Ja, doch, ne. Ich weiß nicht warum ich aus der Menüleiste ein Symbol entfernt habe, was da doch durchaus ganz praktisch war. Ich würde das ja nun auf diese „Try and Error“ Taktik schieben, die ich bei der Bedienung des Linux Systems an den Tag lege. Und manchmal passieren dann halt Dinge und danach ist Frau damit beschäftigt die Dinge wieder zum erscheinen zu bringen.
Es gibt sicher bessere Beschäftigungen aber es zeigt mir immer und immer wieder, dass ich hier noch sehr viel zu lernen habe, sofern ich das System irgendwann ähnlich sicher beherrschen will wie Windows Jahrzehnte lang.
Ja, ich bin da recht streng mit mir.. aber immerhin ist die Lernkurve gerade extrem steil.
Die Abkürzung DAU steht für „dümmster anzunehmender User“ und bezeichnet in der IT scherzhaft eine Person, die ein System völlig unbedarft und fehleranfällig benutzt.
## Fazit
Wenn ich nun am Rechner sitze, dass ist es das Gerät mit Linux während der Windows Rechner auf Sommer wartet zur Finalisierung der Steuererklärung. Bisher konnte ich mit Linux all das machen, was ich machen wollte oder musste. Und sofern mein innerer DAU nicht gerade wieder Unfug getrieben hat, bin ich bisher auch auf keine Probleme gestoßen.

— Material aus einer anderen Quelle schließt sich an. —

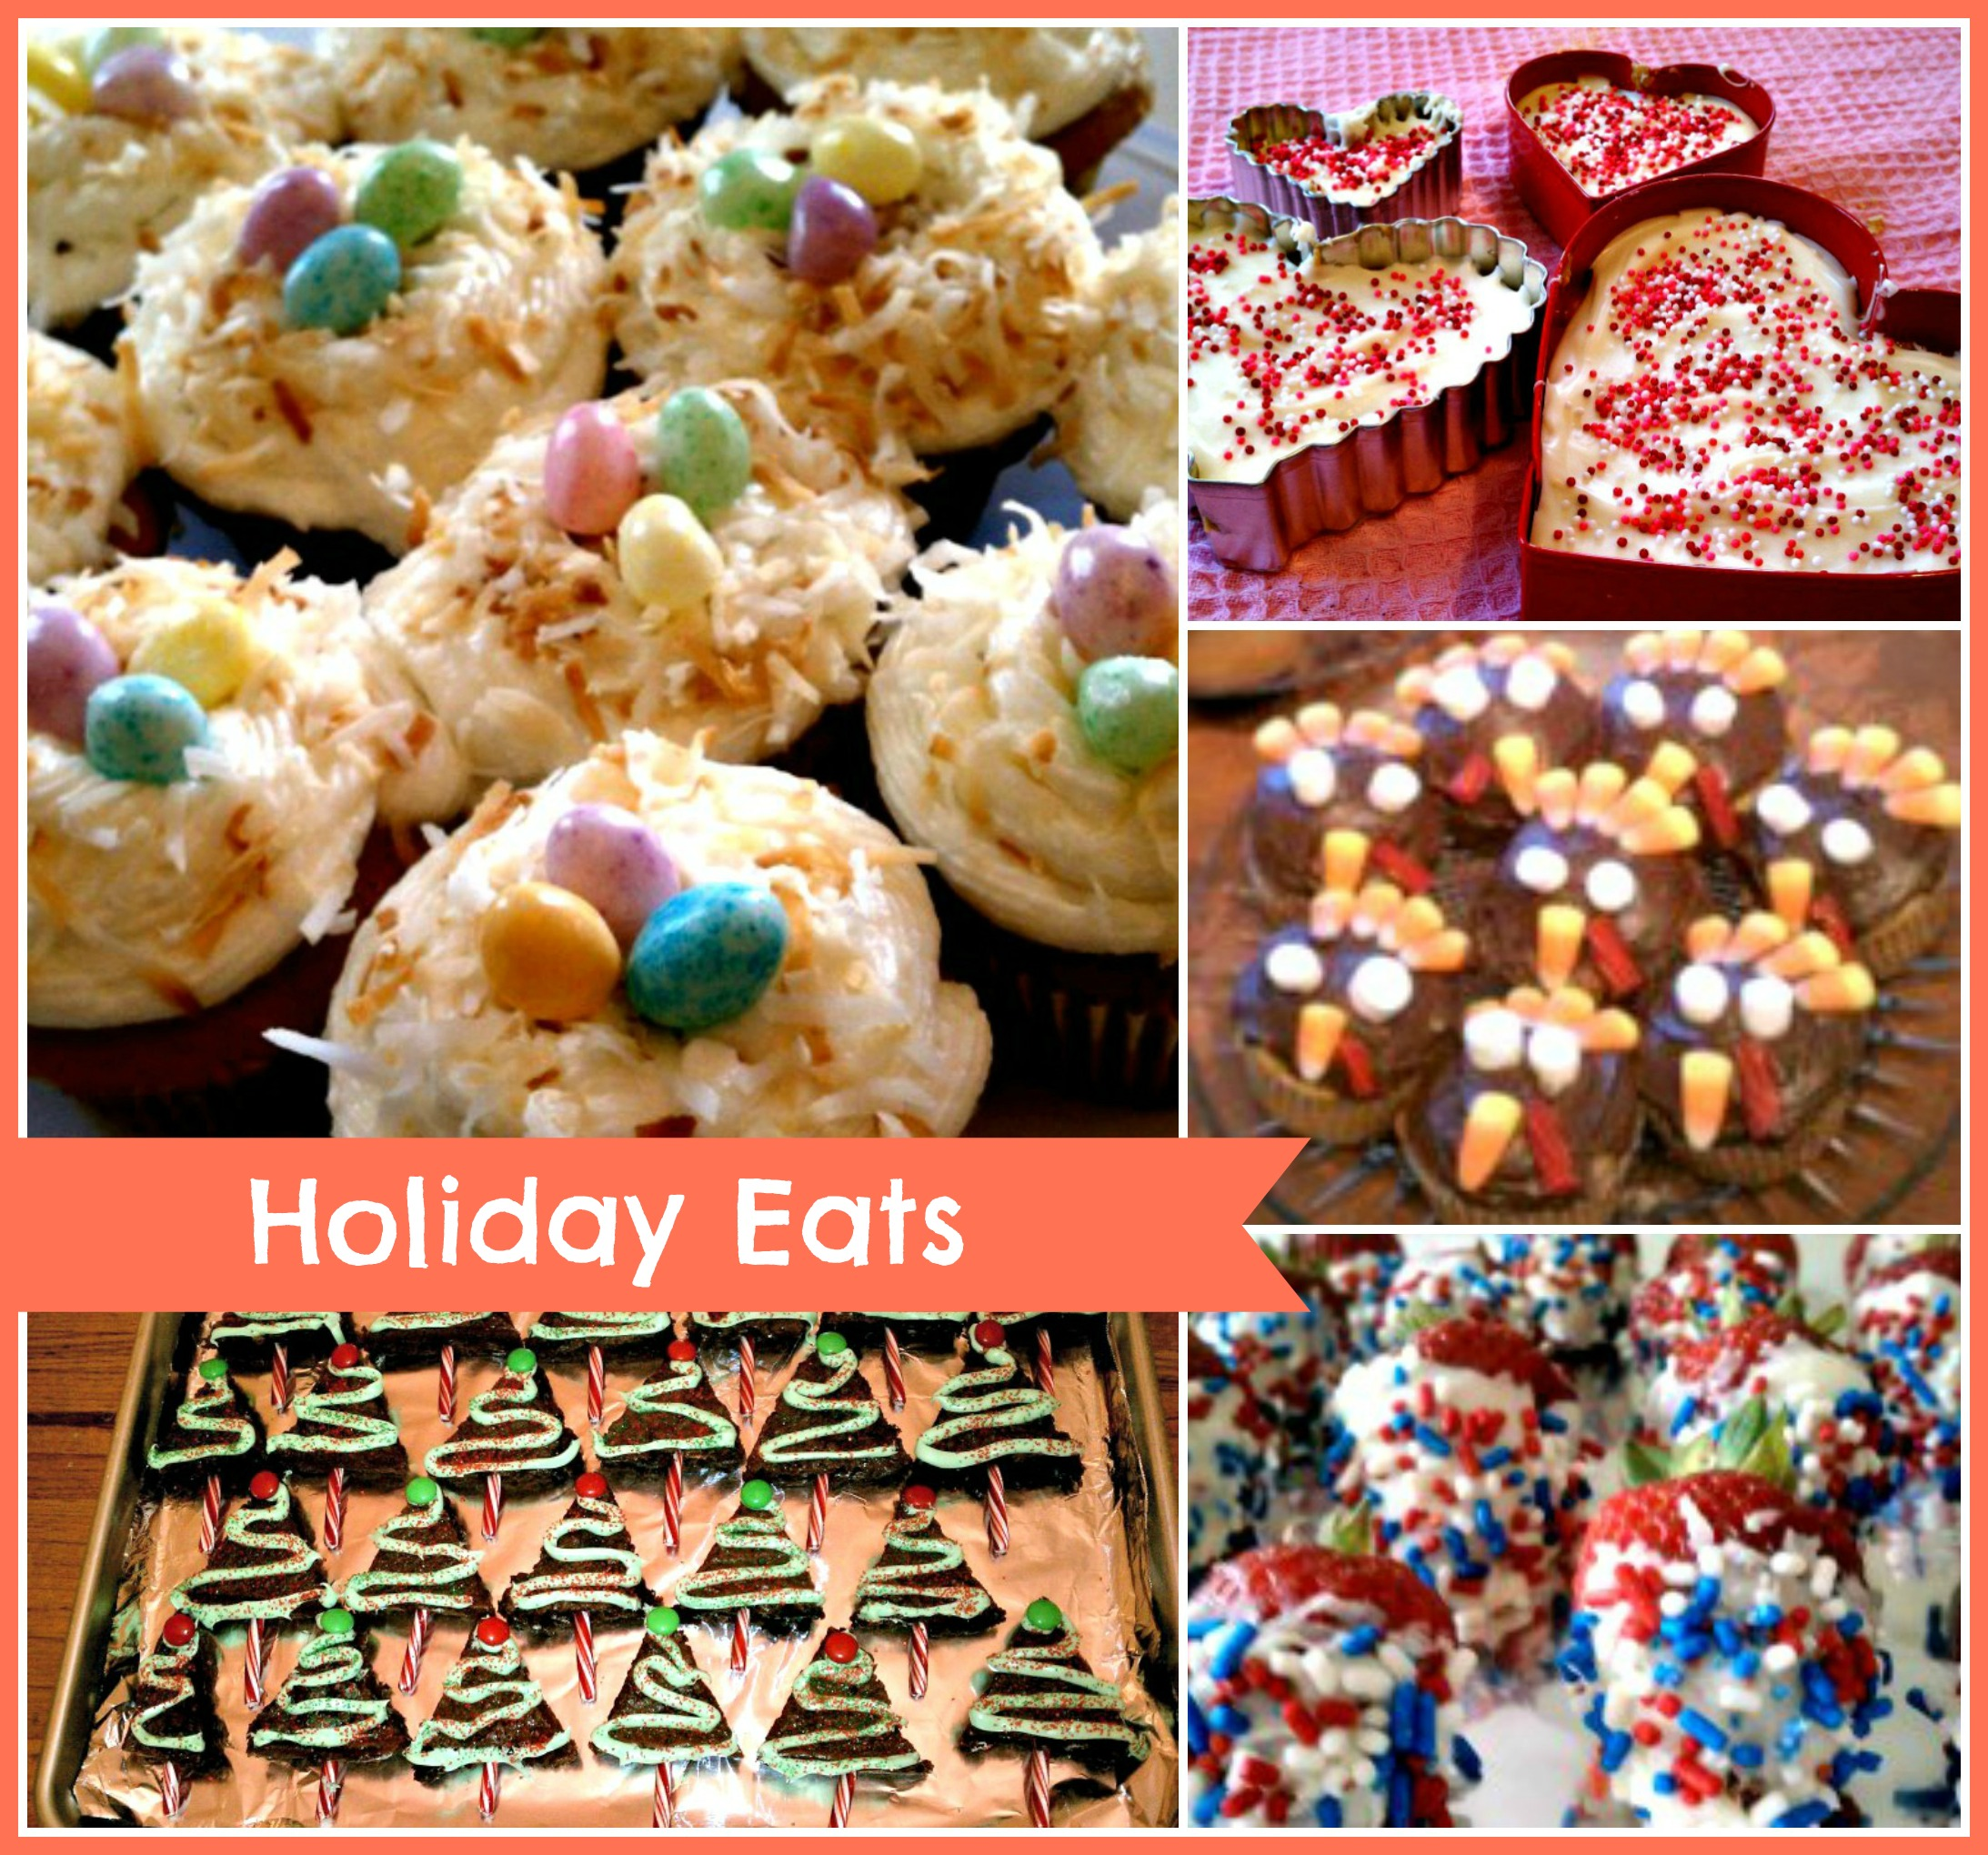 Holiday Eats

Es werden Sicherungen gemacht, Updates geholt und ansonsten ist es auffällig unauffällig und „unnervig“. Das Betriebssystem will nichts von mir sondern wartet darauf was ich von ihm will. Das ist sehr angenehm und irgendwie muss ich mich daran erst gewöhnen nach den nervigen letzten Monaten mit Windows 11. Es macht also genau das was ein Betriebssystem tun soll: Im Hintergrund bleiben.
Ich glaube jetzt ehrlich gesagt auch nicht das sich das noch groß ändern wird. Nach wie vor habe ich vieles zu lernen. Allerdings ist mein Geduldsfaden aus „historischen Gründen“ sensationell kurz, wenn ich dann doch mal wieder Probleme finde oder selbst verursache. Aber mein plötzlich aufflammender Jähzorn wird sich in Zaum halten müssen. Zurück zu Windows will ich einfach nicht mehr.